Google Cloud MAJOR
Global: Some Cloud Monitoring metric calculations are delayed or missing for multiple Cloud Services
October 13, 2021 · 01:25 PM UTC – 06:50 PM UTC · Duration: 5h 25min
Affected Services
OperationsGoogle Cloud Pub/SubGoogle App EngineGoogle Cloud BigtableCloud Monitoring
Timeline
03:42 PM
We apologize for the inconvenience this service disruption/outage may have caused. We would like to provide some information about this incident below. Please note, this information is based on our best knowledge at the time of posting and is subject to change as our investigation continues. If you have experienced impact outside of what is listed below, please reach out to Google Support by opening a case using https://cloud.google.com/support
(All Times US/Pacific)
Incident Start: 13 October 2021 05:25
Incident End: 13 October 2021 10:50
Duration: 5 hours, 25 minutes
Affected Services and Features:
Cloud Monitoring
Regions/Zones: Global
Description:
Google Cloud Monitoring experienced degraded monitoring data availability globally for a duration of 5 hours and 25 minutes. During the disruption, impacted customers would have experienced missing monitoring metric data and missed monitoring alerts.
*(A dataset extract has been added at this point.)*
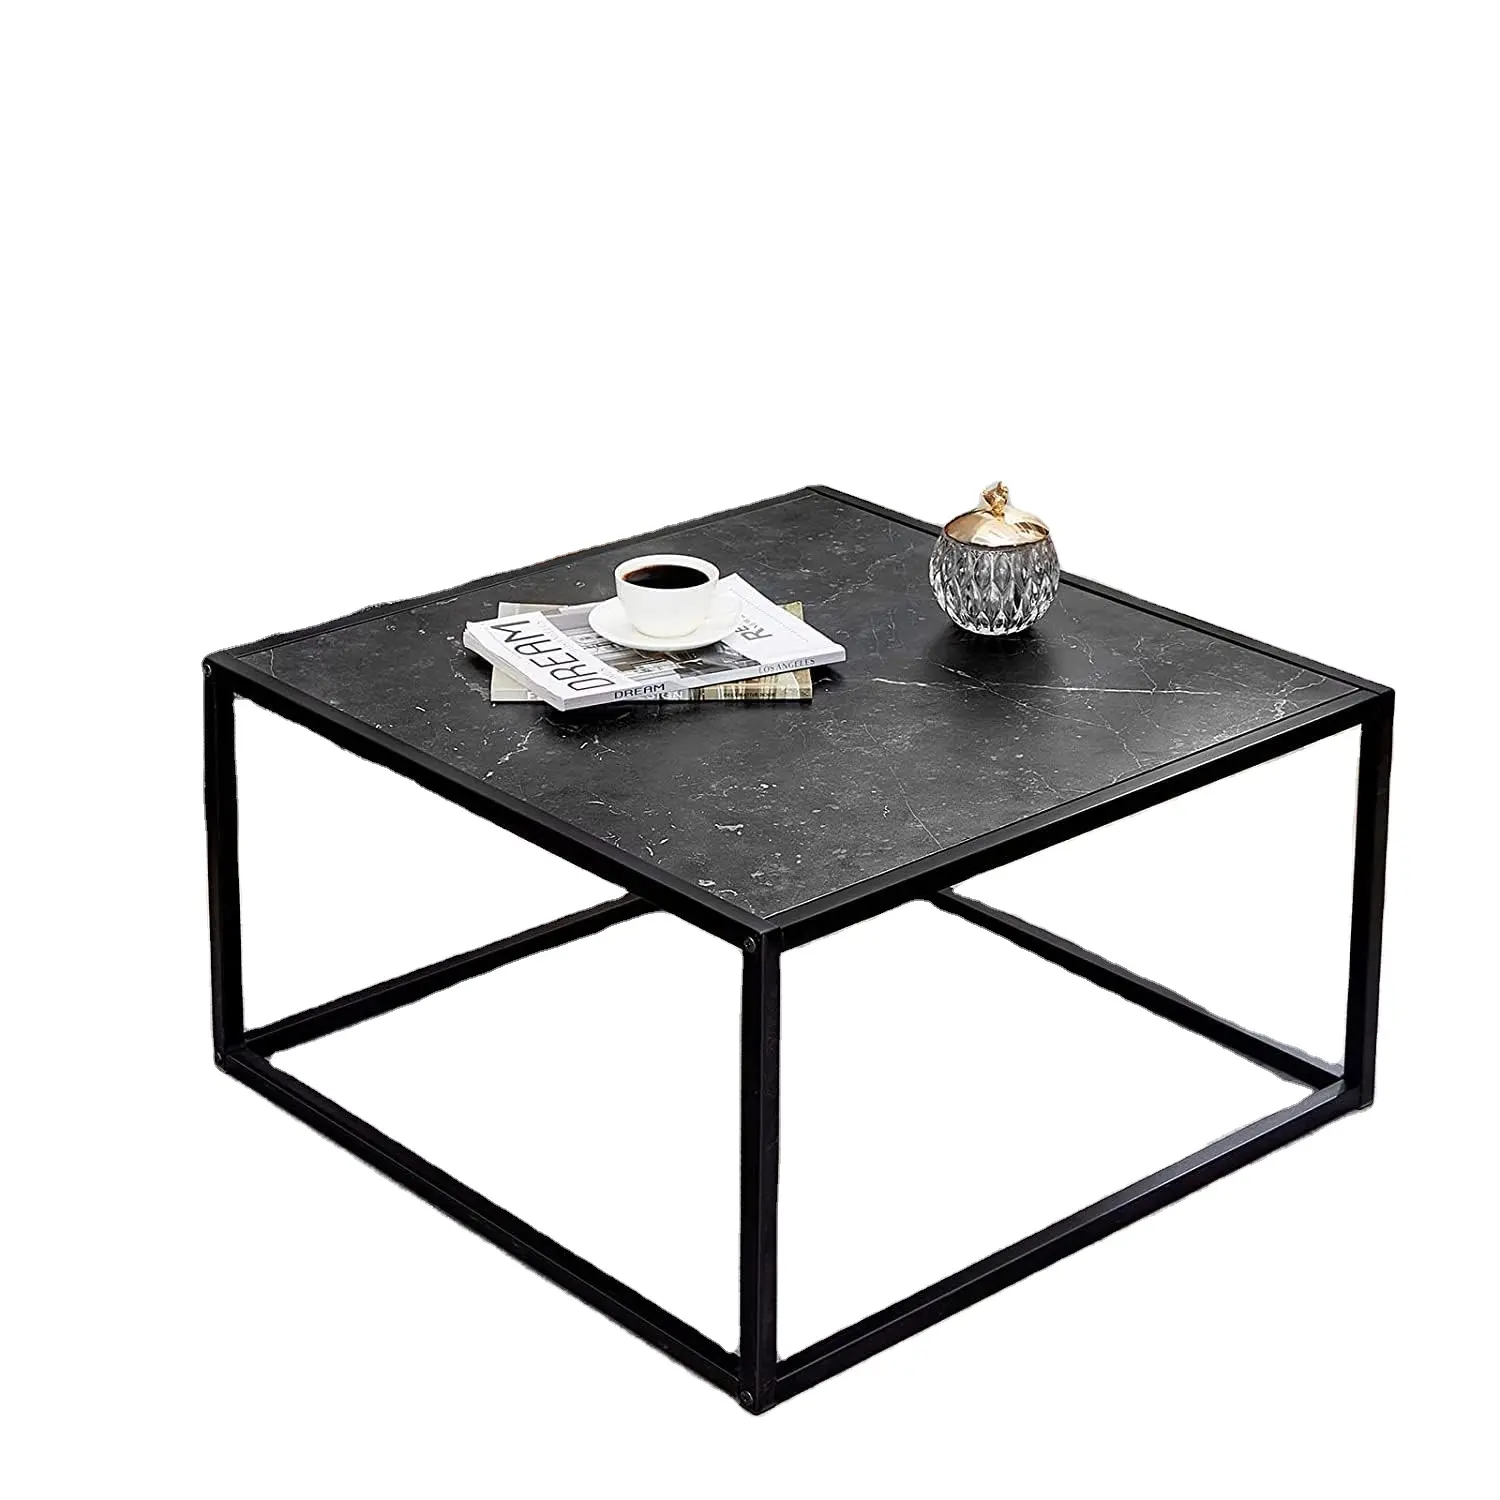 Siyah sehpa, küçük kare sehpa, minimalist modern yemek masası

The root cause was identified as a failed configuration on a standby task. A leadership change caused an unhealthy task to take over. The issue was mitigated by restarting the leader which allowed a healthy task to take back control which restored the service.
Customer Impact:
Missing data for some monitoring metrics
Missed monitoring alerts
07:33 PM
The issue with Cloud Monitoring has been resolved for all affected projects as of Wednesday, 2021-10-13 11:21 US/Pacific.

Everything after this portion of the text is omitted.